Al Qaeda could be rebuilt in Afghanistan in 1-2 years, US officials say

Al Qaeda could be rebuilt in the interior of Afghanistan in a year or two, top intelligence officials said on Tuesday, noting that some members of the terrorist group had already returned to the country.

Earlier this year, top Pentagon officials said Al Qaeda could be reconstituted in two years, and then told lawmakers after the fall of the Afghan government that they were reviewing that timeline.

The new timetable is not a drastic change, but reflects the reality that the Taliban have a limited ability to control Afghanistan’s borders. Although the Taliban have long fought with the Islamic State affiliate, they are established allies of Al Qaeda. While the Taliban pledged in the February 2020 peace deal with the United States not to let Afghanistan be used by terrorist groups, analysts have said those promises sound empty.

“The current assessment is probably conservative for one to two years for al-Qaeda to build some capacity to at least threaten its homeland,” Lt. Gen. Scott D. Berrier, director of the Intel Agency, said Tuesday. Defense license, at the Security Summit meeting.
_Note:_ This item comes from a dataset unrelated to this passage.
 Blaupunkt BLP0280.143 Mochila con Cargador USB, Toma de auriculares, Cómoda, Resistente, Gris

David S. Cohen, deputy director of the CIA, said the hard part of the question about the timetable was knowing when al-Qaeda or the Islamic State affiliate in Afghanistan “will have the ability to go on the attack. the homeland ”before being detected. .
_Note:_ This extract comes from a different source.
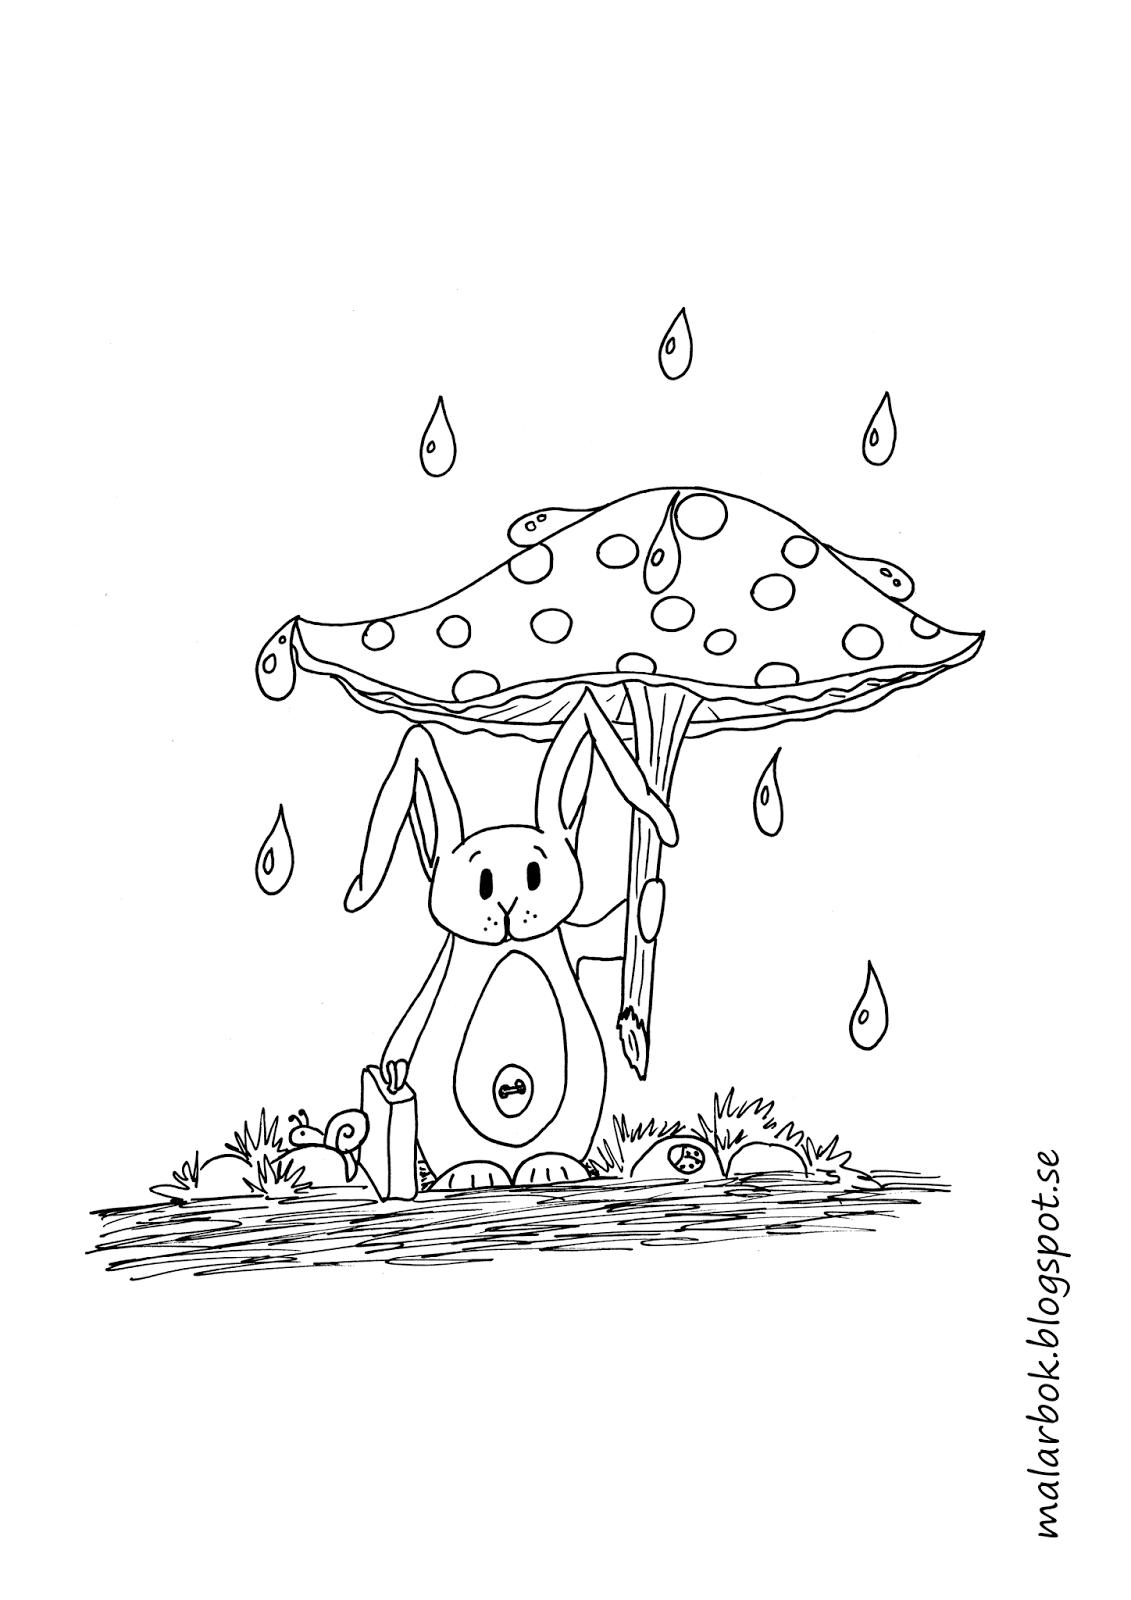 Målarbild kanin med svamp med paraply

The CIA is closely monitoring “some possible al-Qaeda movements toward Afghanistan,” Cohen said.

Cohen did not identify specific Qaeda members who have traveled back to Afghanistan since the fall of the U.S.-backed government. But Osama bin Laden’s former security chief, Amin al Haq, who served with Bin Laden during the Battle of Tora Bora, was seen in a video returning to Afghanistan’s Nangarhar province last month.
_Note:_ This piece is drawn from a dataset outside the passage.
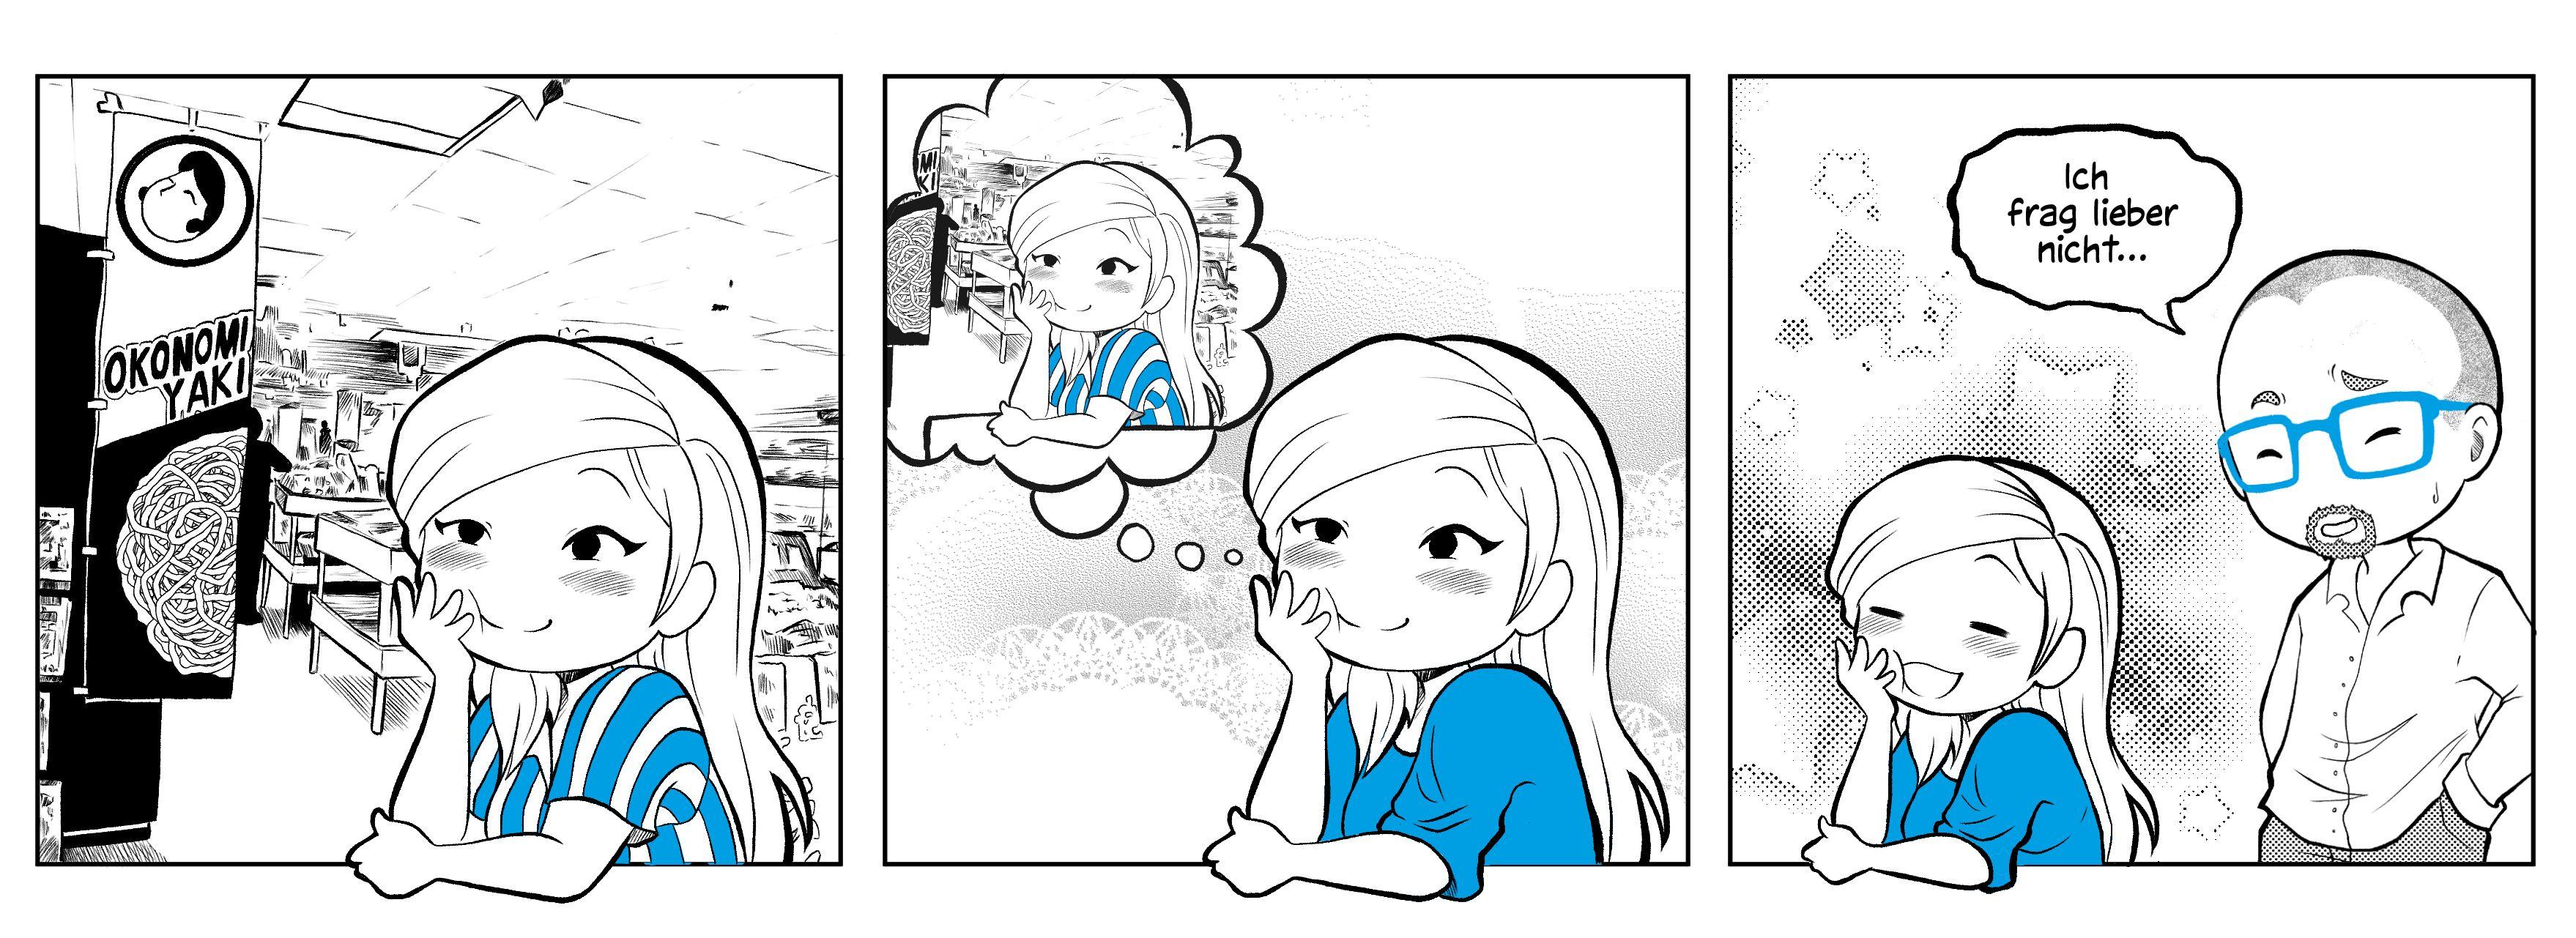 Daydream Lover Manga

Speaking at the same conference on Monday, Avril D. Haines, the director of national intelligence, said Afghanistan was not the biggest terrorist threat facing the United States. He said Yemen, Somalia, Syria and Iraq posed more substantial threats.

The CIA will have to increase its reliance on collecting intelligence from afar, on so-called horizon operations, Cohen said. He added that the agency hoped to do its job, including rebuilding news networks, closer to Afghanistan. “We will also look for ways to work from the horizon, as far as possible,” he said.

Information gathering in Afghanistan has intensified, General Berrier said, while agencies improve their ability to monitor China and Russia.

“We are thinking of ways to re-access Afghanistan with all sorts of sources,” the general said. But he added: “We need to be careful to balance these scarce resources with this pivot towards China and Russia.”